Organized into an association by Pauline, under the name of Reparatrixes of the Sacred Heart of Jesus, her worker friends proved to be very zealous for the mission, thus stimulating Christians to be missionaries in various ways, by articulating prayers for the missions and offerings to support them. Pauline and her brother Philéas joined forces to create the association of the Propagation of the Faith, because she was always well disposed and devoted to everything that could interest the cause of the Faith. Was she inspired by what had long been practiced in England by the Anabaptists or by other Christians anxious to support the missionaries? Pauline Jaricot had learned of the existence of this organization to support the Missions. In England, the idea was to invite all classes of society, even the poor, to set aside a penny each week for the cause of the mission.
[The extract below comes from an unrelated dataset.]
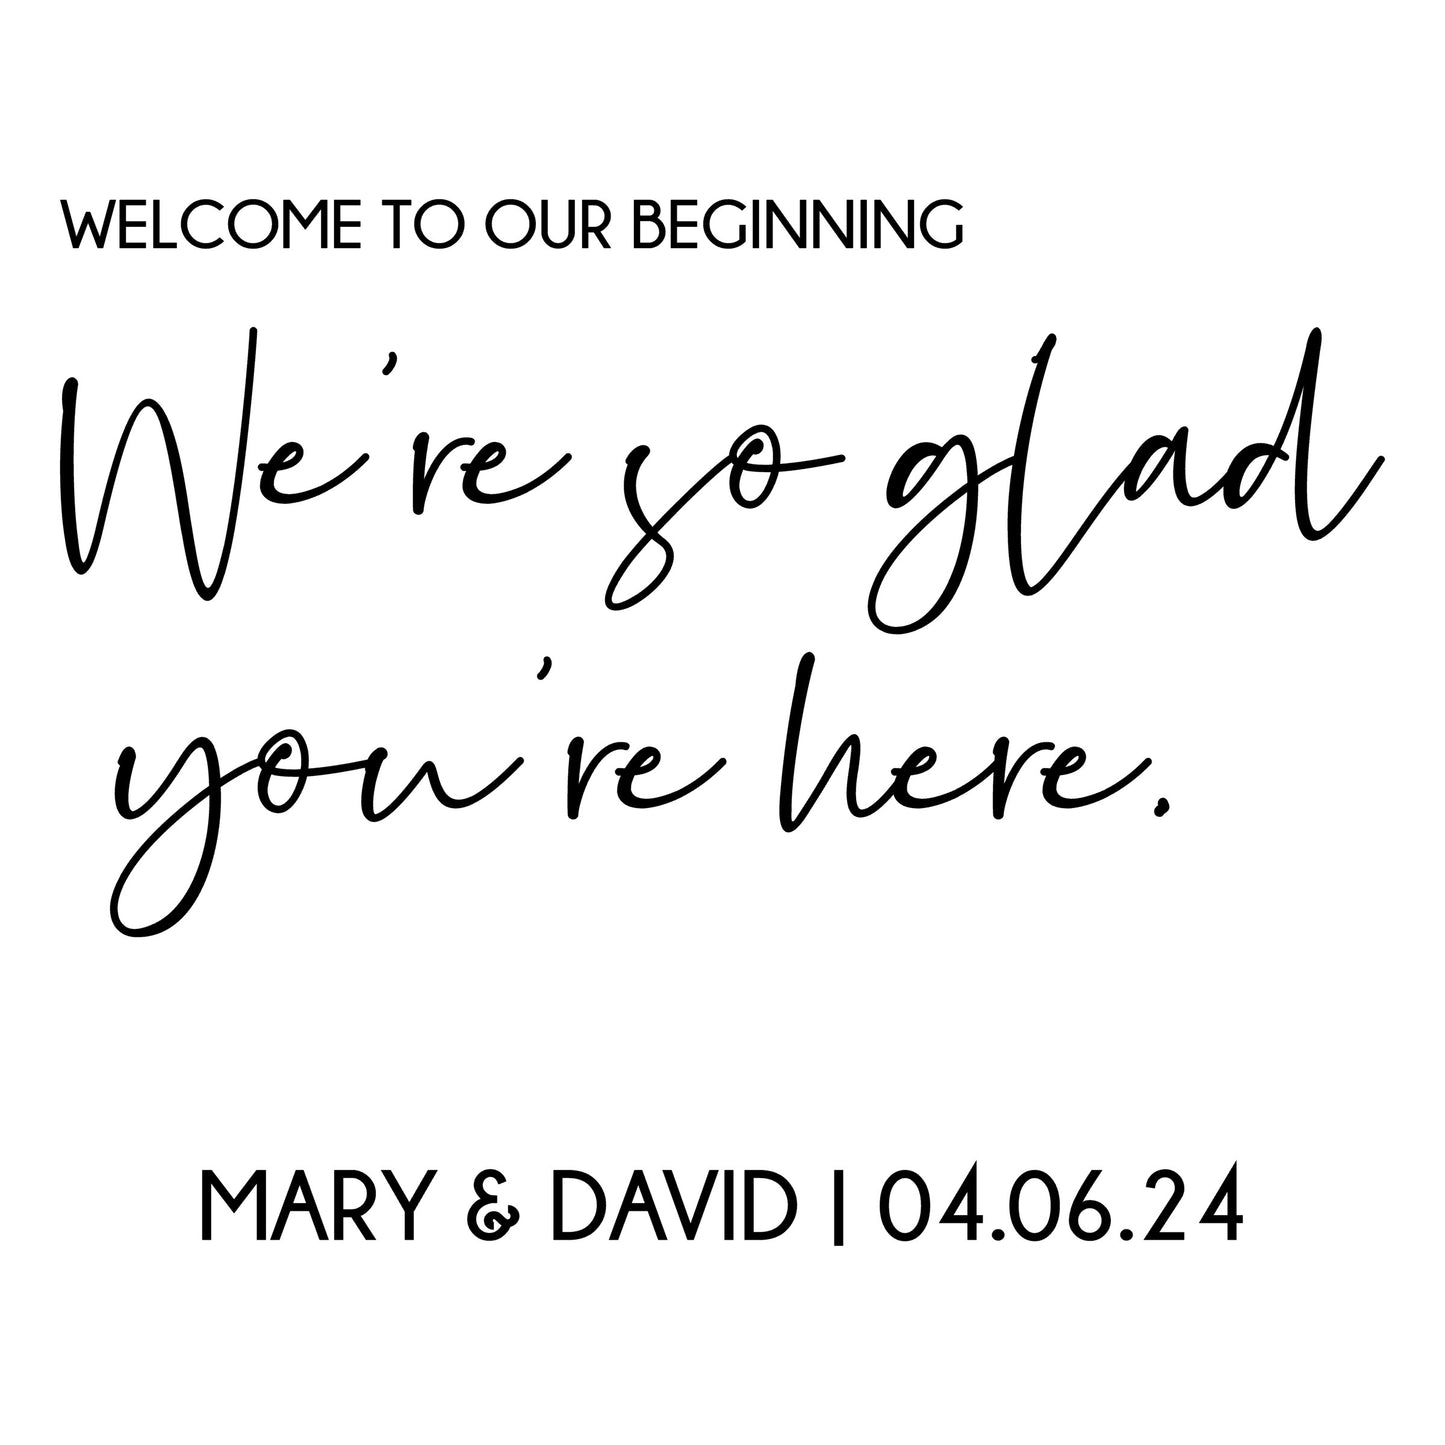 Welcome to our Beginning Flower Box Sign Decal for Wedding Reception
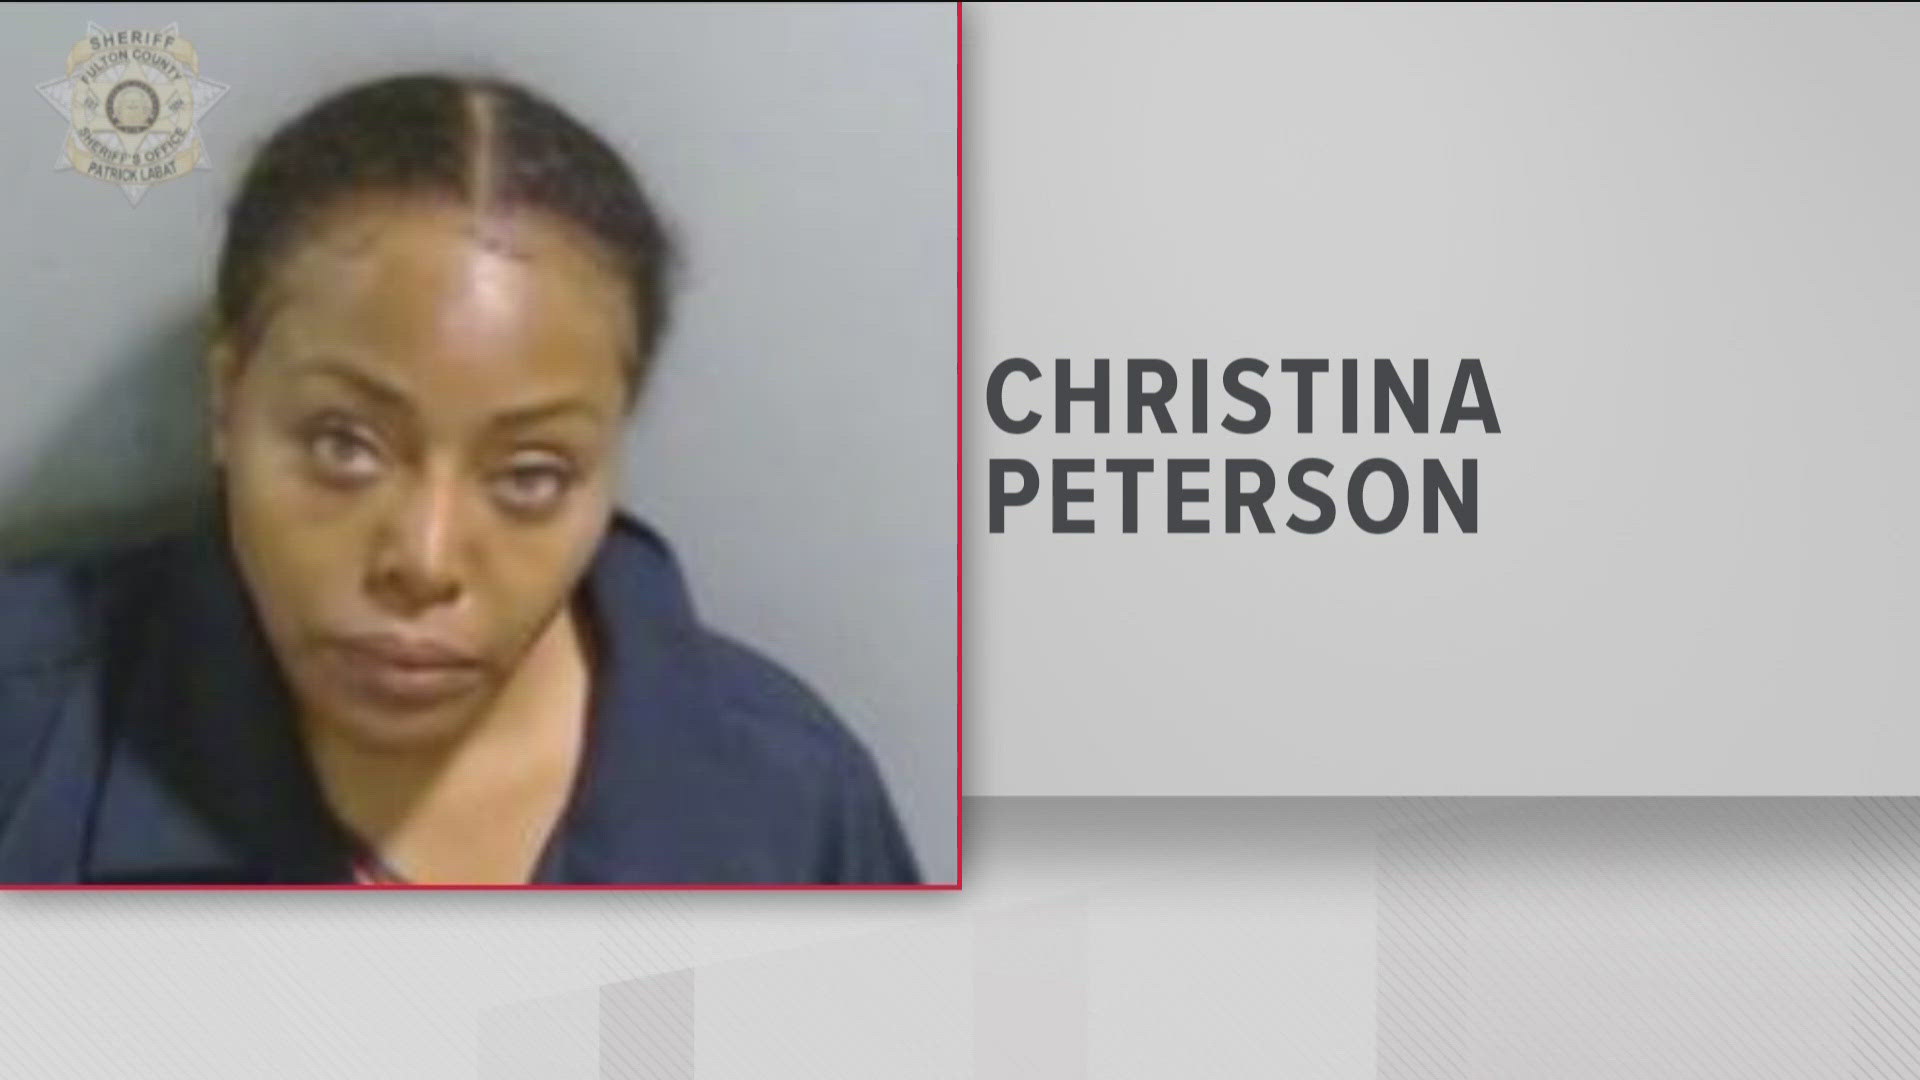 Records show Christina J. Peterson was booked into the Fulton County Jail on Thursday.  She is being charged with a felony.

Societies, stores, and educational institutions established trunks where each person could put his or her weekly penny for the Missions. The organization is effective; indeed, the smallest contributions together will produce resources that will constitute important means for propagating the Gospel. Having the penny a week idea was not enough however; it had to be put into practice. In fact, it was a matter of “asking God for the conversion of unbelievers, the perseverance of Christians living among them, and the prosperity of establishments destined to propagate the Faith” (David Lathoud of the Augustinians of the Assumption, Marie-Pauline Jaricot, op. cit., p. 92).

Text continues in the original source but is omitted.